Note that pca[i, :k, l:].reconstrunctions is equivalent to pca[:, :k, :].reconstructions[i, l:]. However, the former is more efficeint as it slices the data before reconstruction, while the latter first reconstructs the whole data and then slices it.

# Reconstruction and slicing
fig, axs = plt.subplots(4, 1, figsize=(6, 6), layout="tight", sharex=True, sharey=True)
i = 11
axs[0].plot(x, mixtures[i,:], "k-", alpha=1, label="Original")
axs[1].plot(x, pca[i,:,:].D, "b--", alpha=0.7, label="Reconstructed all PCs")
axs[2].plot(x, pca[i,:1,:].D.T, "r--", alpha=0.7, label="Reconstructed 1 PC")
axs[3].plot(x[40:80], pca[i, 2:, 40:80].D.T, "g--", alpha=0.7, label="Reconstructed 3-15 PCs (short)")
for ax in axs:
    ax.legend()

Decomposition: NNLS

from pyspc_unmix.decomposition import NNLSDecomposition

# Decompose mixtures using NNLS
# For this the loadings have to be explicitly provided.
nnls = NNLSDecomposition(noisy_mixtures, ems=true_ems, names="EM")

# Now the same interface can be used to access the loadings and scores
fig, ax = plt.subplots(figsize=(6, 4), layout="tight")
ax.plot(nnls.scores[:, 0], nnls.scores[:, 1], ".")
ax.set_xlabel(nnls.names[0])
ax.set_ylabel(nnls.names[1])

# Similarly, reconstruction and slicing can be done
fig, axs = plt.subplots(4, 1, figsize=(6, 6), layout="tight", sharex=True, sharey=True)
i = 11
axs[0].plot(x, mixtures[i,:], "k-", alpha=1, label="Original")
axs[1].plot(x, nnls[i,:,:].D, "b--", alpha=0.7, label="Reconstructed all EMs")
axs[2].plot(x, nnls[i,:1,:].D.T, "r--", alpha=0.7, label="Reconstructed 1 EM")
axs[3].plot(x[40:90], nnls[i, 1:, 40:90].D.T, "g--", alpha=0.7, label="Reconstructed without 1st EM (short)")
for ax in axs:
    ax.legend()

Decomposition: EMSC

Although EMSC it is not intuitive to think about EMSC as $X = C \times S$ decomposition, in practice, it is implemented as such with just slightly adjusted $S$ matrix that includes other components such as polynomials.
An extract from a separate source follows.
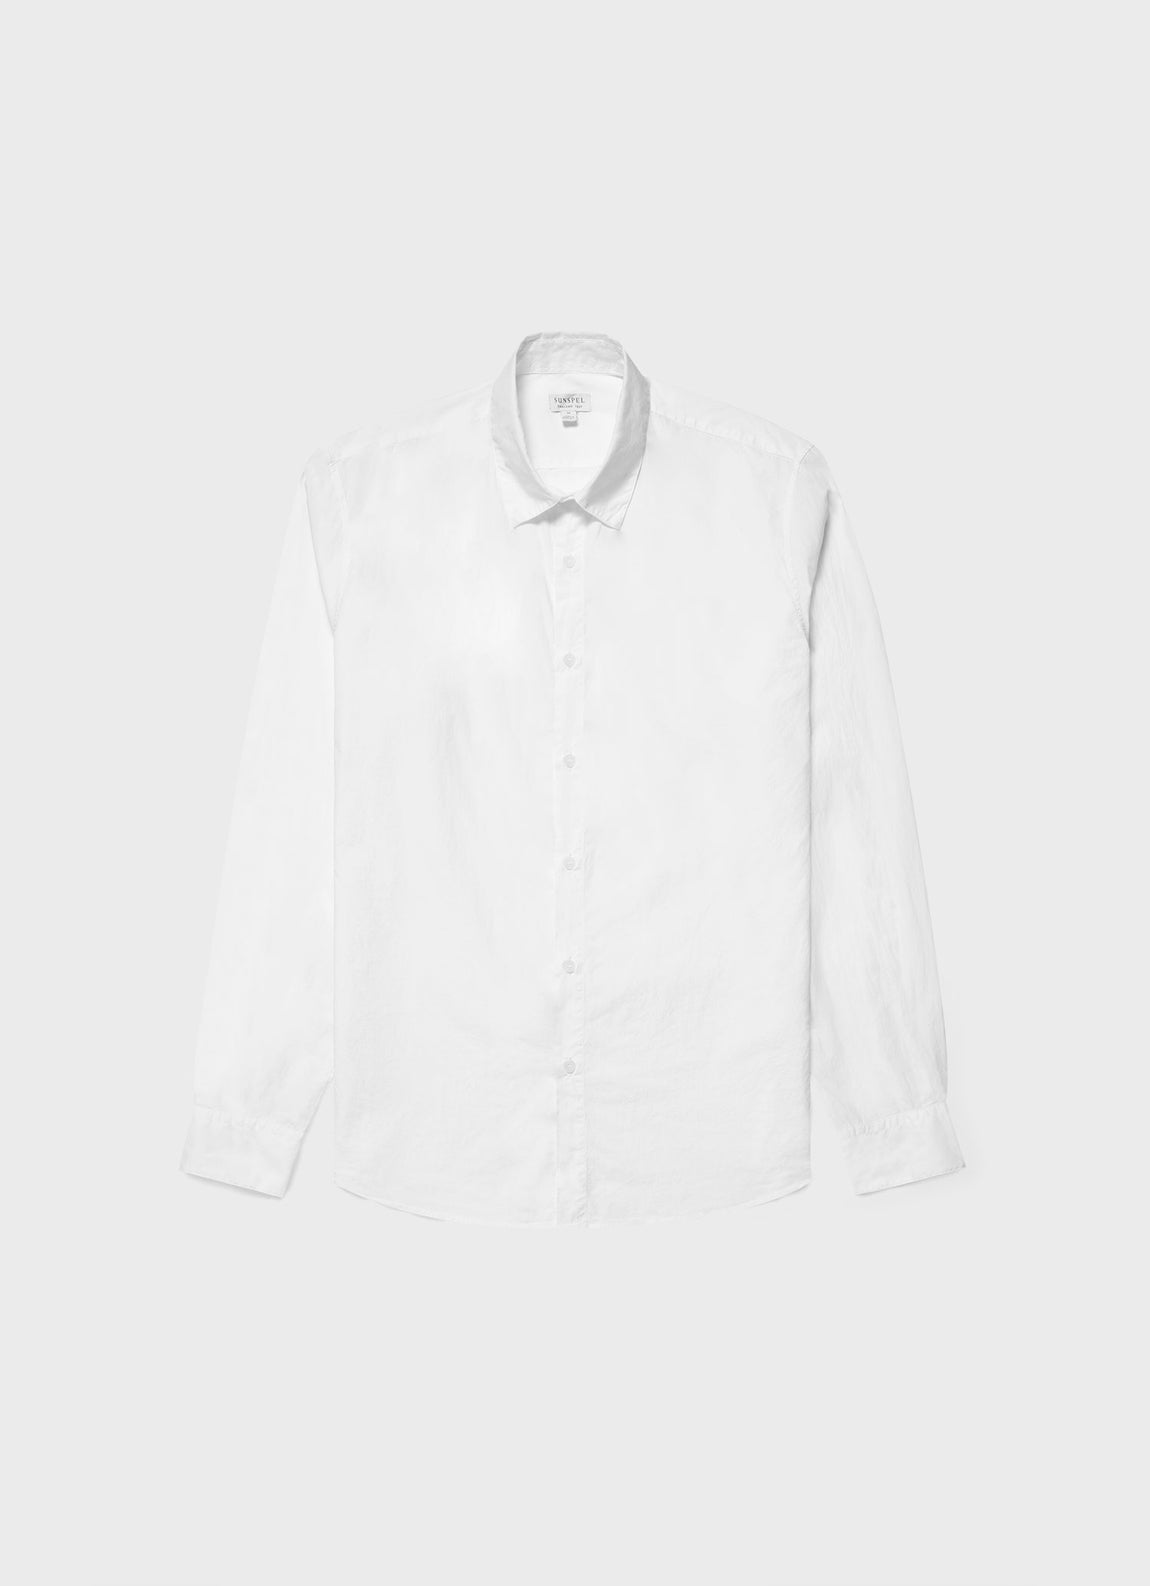 Men's Lightweight Poplin Shirt in White

Therefore, it might be convinient to think about EMSC in terms of decomposition and components slicing.

from pyspc_unmix.decomposition import EMSCDecomposition, vandermonde

# Add random polynomial baseline to mixtures
degree = 4  # Degree of the polynomial

# Generate polynomial background
np.random.seed(42)  # For reproducibility
poly_background = 10*np.random.randn(mixtures.shape[0], degree + 1) @ vandermonde(x, degree)
# Normalize to [0, 2]
poly_background -= poly_background.min(axis=1)[:, None]
poly_background /= 0.5*poly_background.max(axis=1)[:, None]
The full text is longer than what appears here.